Work task: Report back each line of the records that contains the string "Condition".

+---+

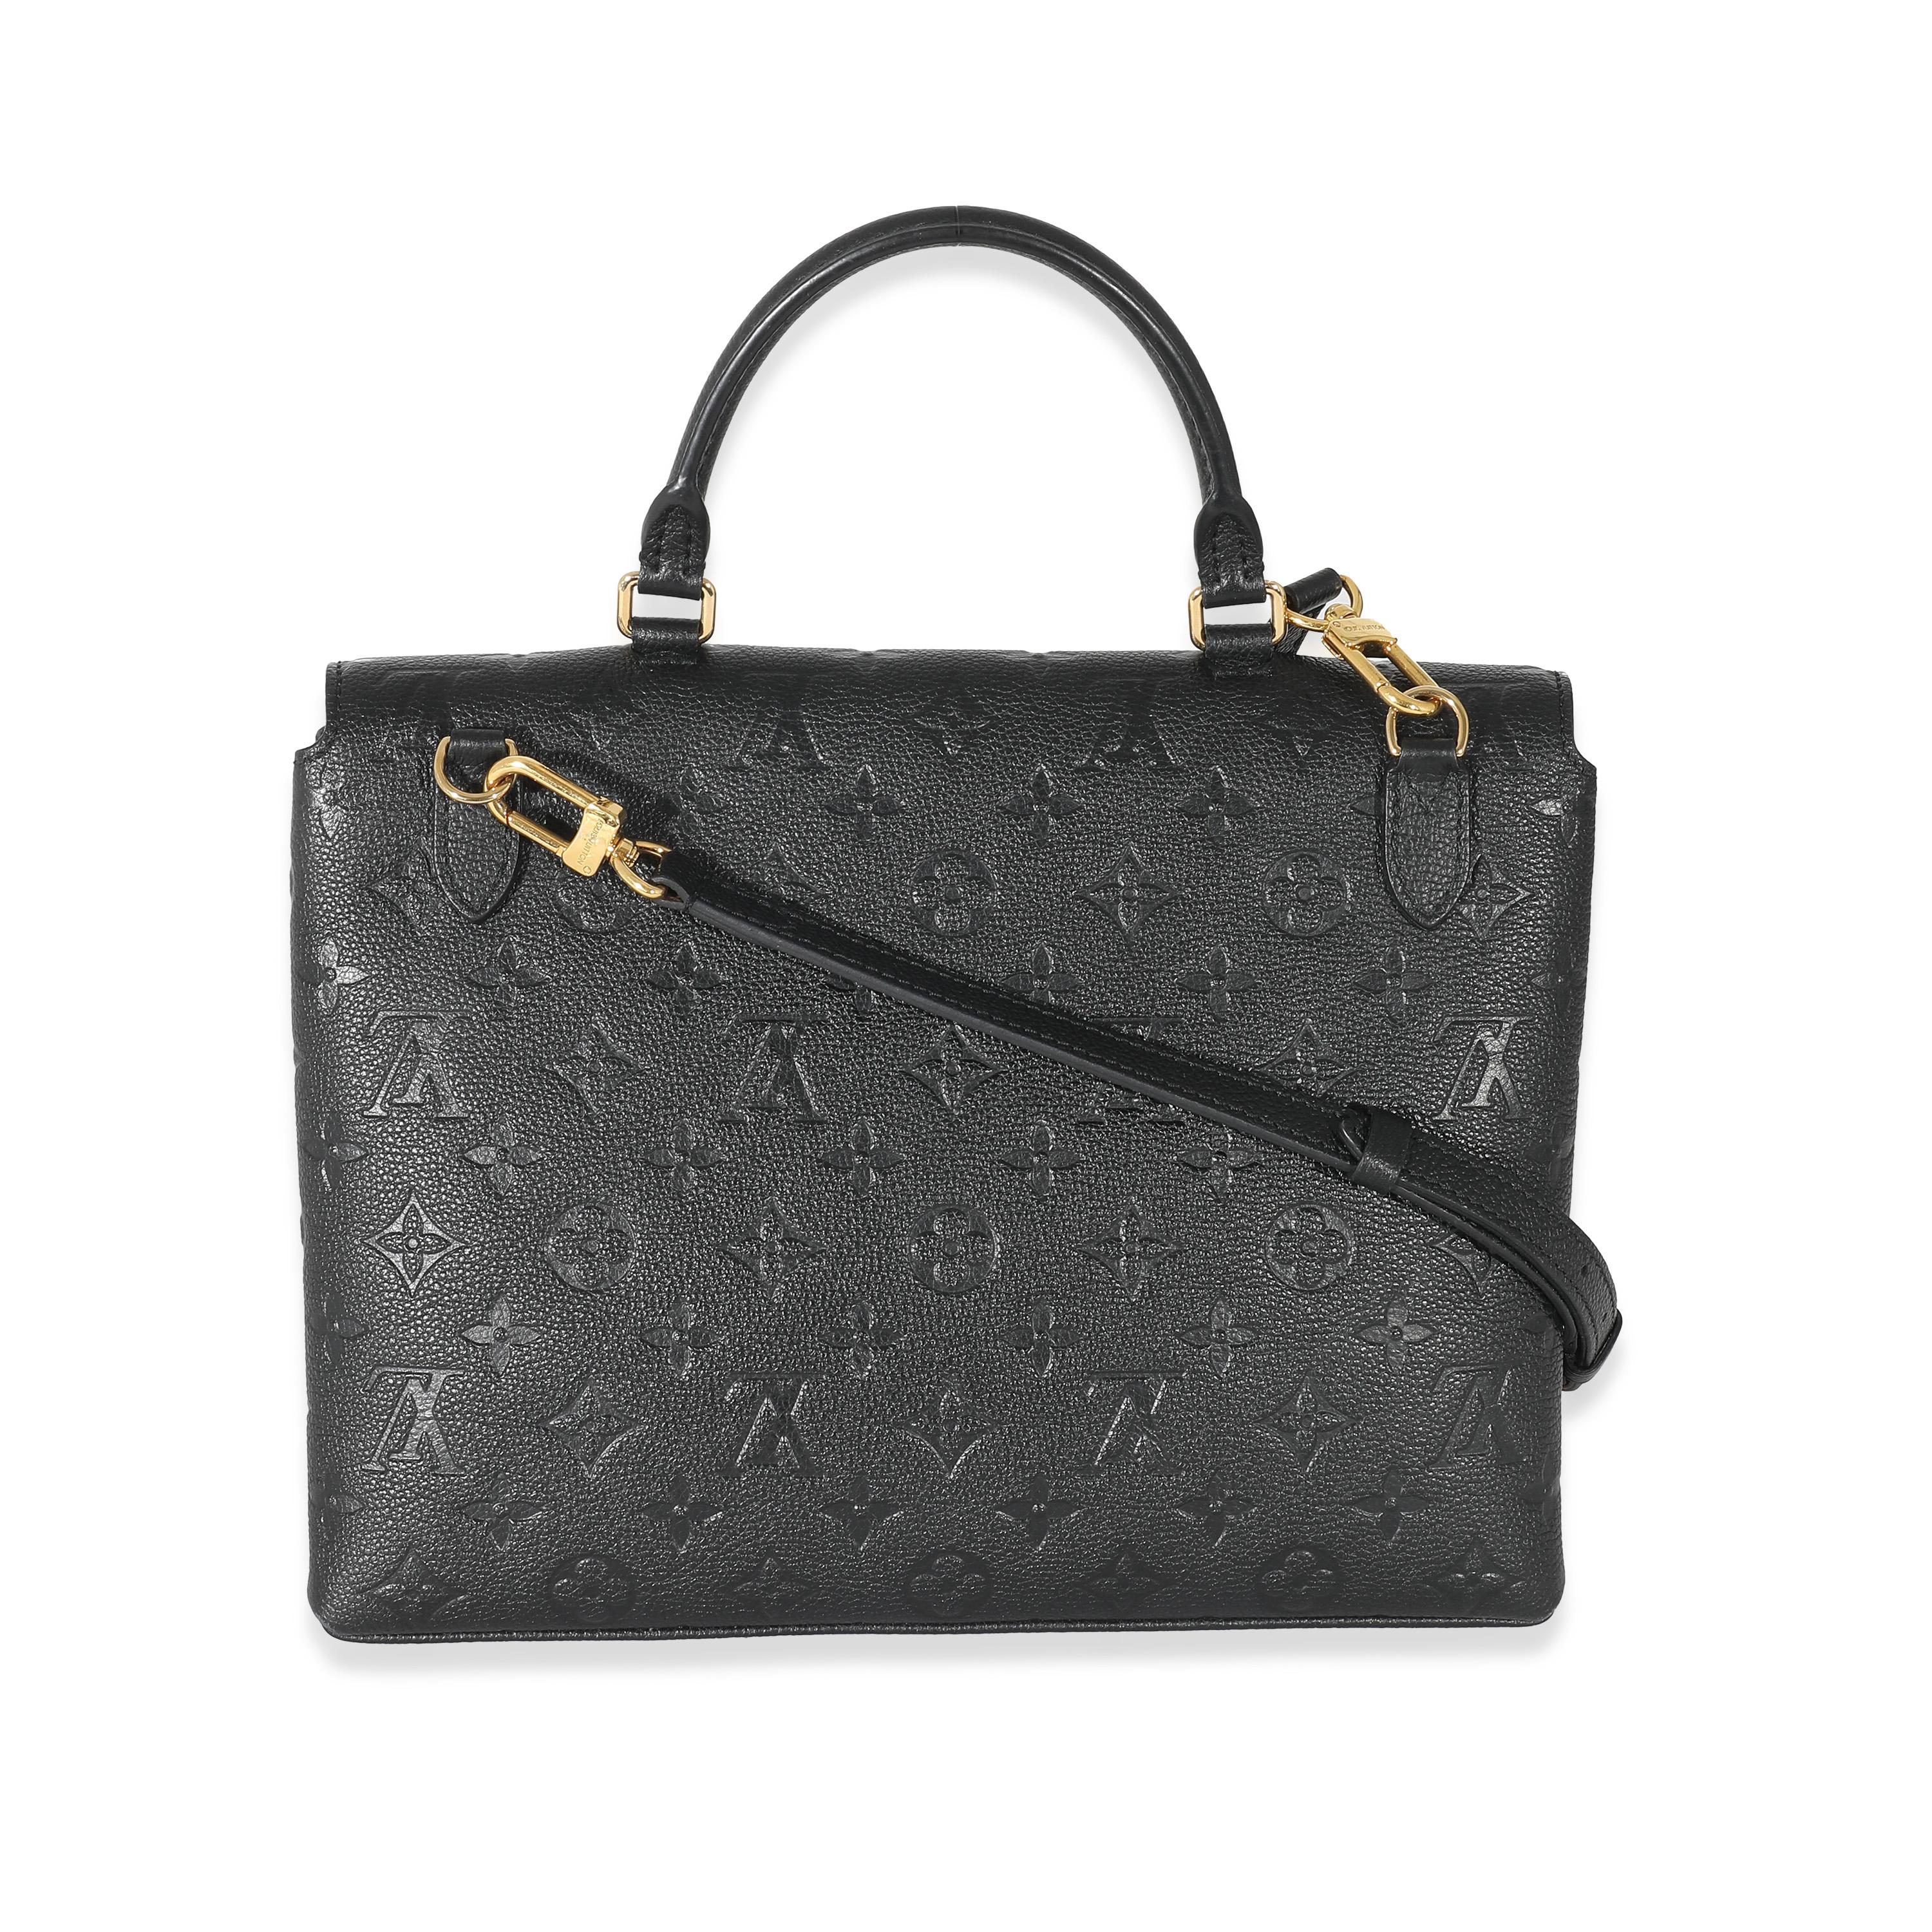 Listing Title: Louis Vuitton Black Monogram Empreinte Leather Marignan
SKU: 133631
MSRP: 2900.00 USD
Condition: Pre-owned 
Handbag Condition: Very Good
Condition Comments: Item is in very good condition with minor signs of wear. Scratching and

+---+

Task output:
Condition: Pre-owned 
Handbag Condition: Very Good
Condition Comments: Item is in very good condition with minor signs of wear. Scratching and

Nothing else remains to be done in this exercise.